Here’s goes the playbook!

---
  - hosts: ## Put server hostname here ##
    gather_facts: no
    become: yes
    vars:
      client_name: anurag-phone
      client_ip: 10.0.0.10
      client_mask: 24
      client_dns: 10.1.0.5
      wgname: wg5
      wgport: 5005
      work_dir: "/home/anurag/config"
      server_ip: ## Put server IP here ##
    tasks:
      - name: Ensure {{ work_dir }} exists
        file:
          path: '{{ work_dir }}'
          state: directory
      - name: Generate client keys for {{ client_name }}
        shell:
          cmd: wg genkey | tee privatekey | wg pubkey > publickey
          chdir: "{{ work_dir }}"
      - name: Read client privatekey and register into variable
        shell: cat {{ work_dir }}/privatekey
        register: privatekey
      - name: Read client publickey and register into variable
        shell: cat {{ work_dir }}/publickey
        register: clientpublickey
      - name: Read server publickey of server and register into variable
        shell: cat /etc/wireguard/publickey
        register: serverpublickey
      - name: Add {{ client_name }} to the server
        blockinfile:
          path: '/etc/wireguard/{{ wgname }}.conf'
          marker: "## Added by Ansible"
          block: |
              # {{ client_name }}
              [Peer]
              PublicKey = {{ clientpublickey.stdout }}
              AllowedIPs = {{ client_ip }}/32
      - name: Stop wireguard for {{ wgname }}
        command: wg-quick down {{ wgname }}
        register: wireguardstop
        tags: wireguardrestart
      - debug:
          var: wireguardstop.stderr_lines
        tags: wireguardrestart
      - name: Start wireguard for {{ wgname }}
        command: wg-quick up {{ wgname }}
        register: wireguardstart
        tags: wireguardrestart
      - debug:
          var: wireguardstart.stderr_lines
        tags: wireguardrestart
      - name: Generate client config for {{ client_name }} for full internet access
        blockinfile:
          path: "{{ work_dir }}/{{ client_name }}-full.conf"
          block: |
              [Interface]
              PrivateKey = {{ privatekey.stdout }}
              Address = {{ client_ip }}/{{ client_mask }}
              DNS = {{ client_dns }}
              [Peer]
              PublicKey = {{ serverpublickey.stdout }}
              AllowedIPs = 0.0.0.0/0
              Endpoint = {{ server_ip }}:{{ wgport }}
          state: present
          create: yes
      - name: Generate QR code for {{ client_name }}
        shell: qrencode -t ansiutf8  < {{ work_dir }}/{{ client_name }}-full.conf  > {{ work_dir }}/{{ client_name }}-qr-full
        tags: qr

Some limitations of this playbook:

  1. Cannot be used to delete users.
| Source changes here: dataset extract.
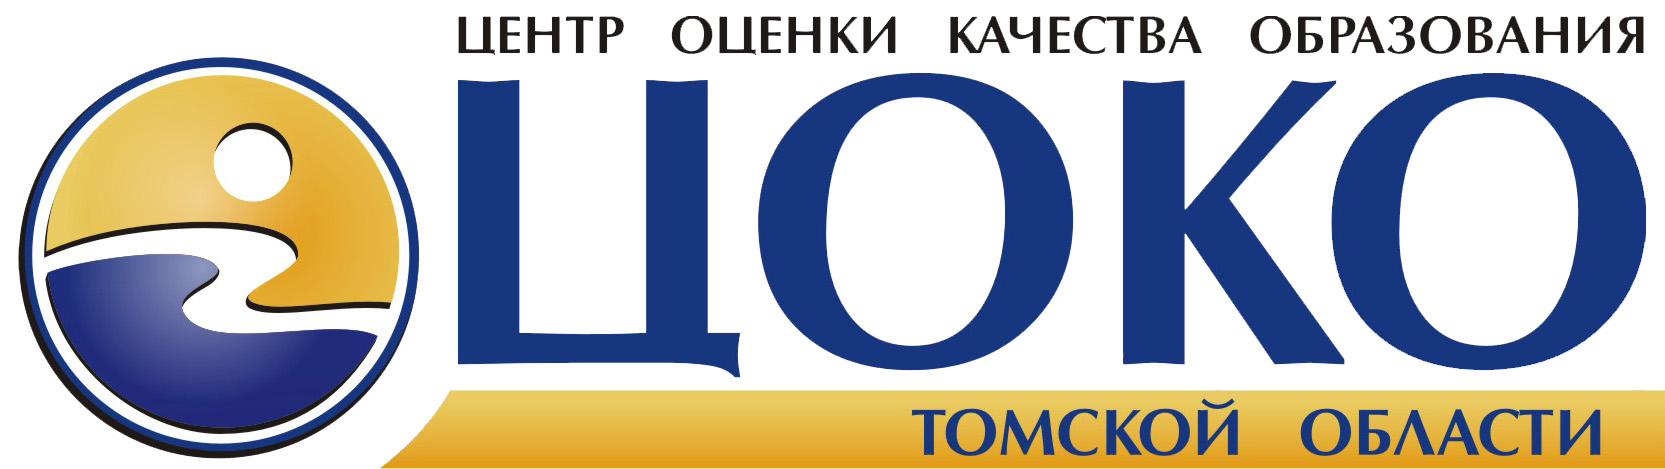 Рособрнадзор провел в НГПУ Всероссийское совещание по оценке качества образования
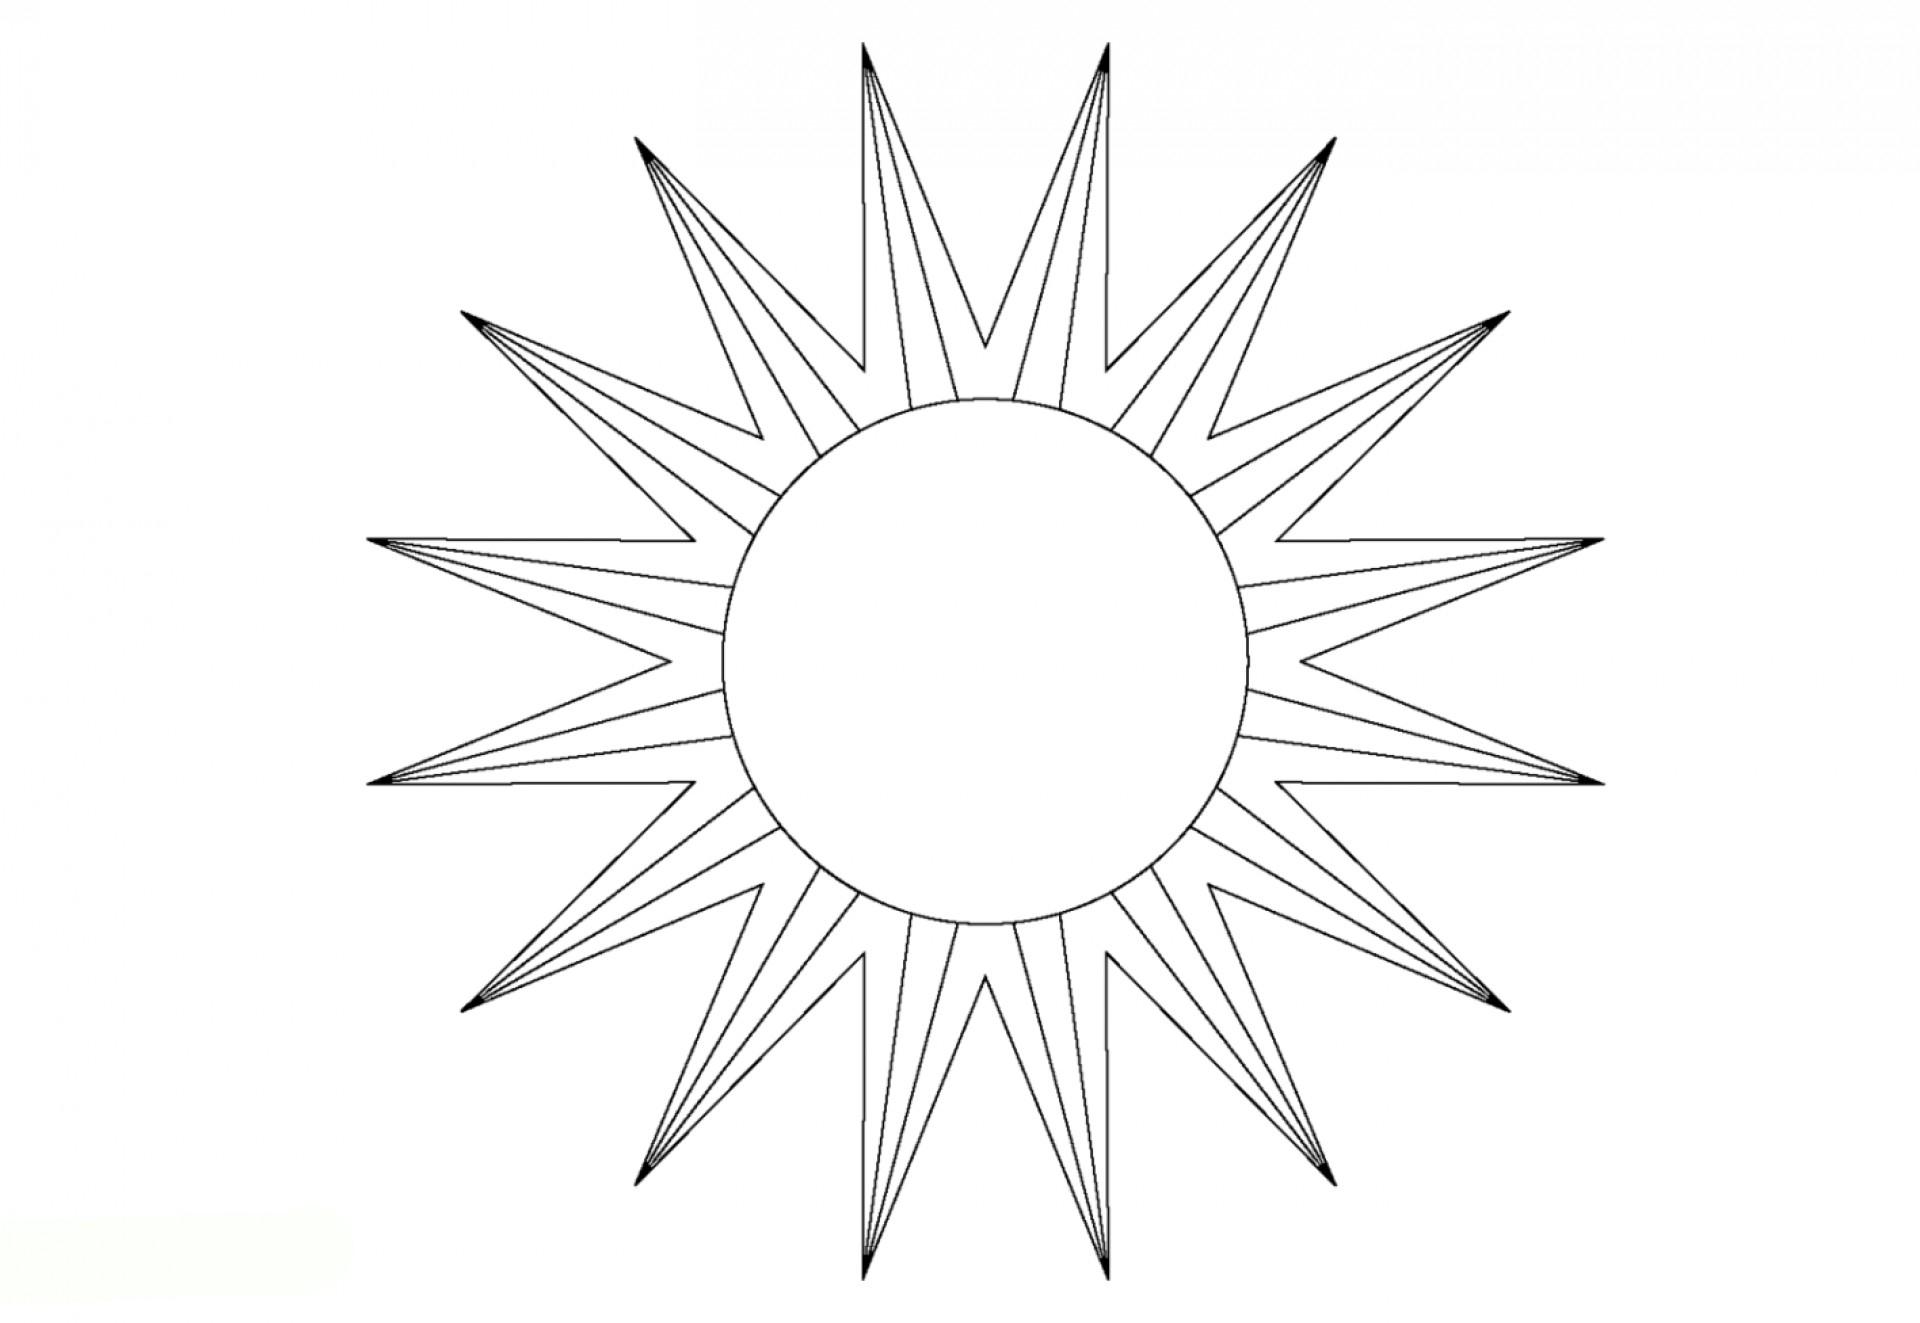 Sonne Vorlage Zum Ausdrucken - 1Ausmalbilder über Bastelvorlage Sonne

I don’t do that often and thus I am OK to delete those just manually though one can make it little more smart to do that. Probably define users within vars and have a check to not-re-write keys during each run.
  2. It will keep on adding keys to the server side config and hence if run twice for same user, IP – it will add junk. Again, this was more of a quick written solution and not a extensively written playbook to tackle that.

The key objective here was just to generate keys, insert client public key in server side config and server’s key in client side config. And ofcourse making config available in text and QR code form so that one can use import and delete it.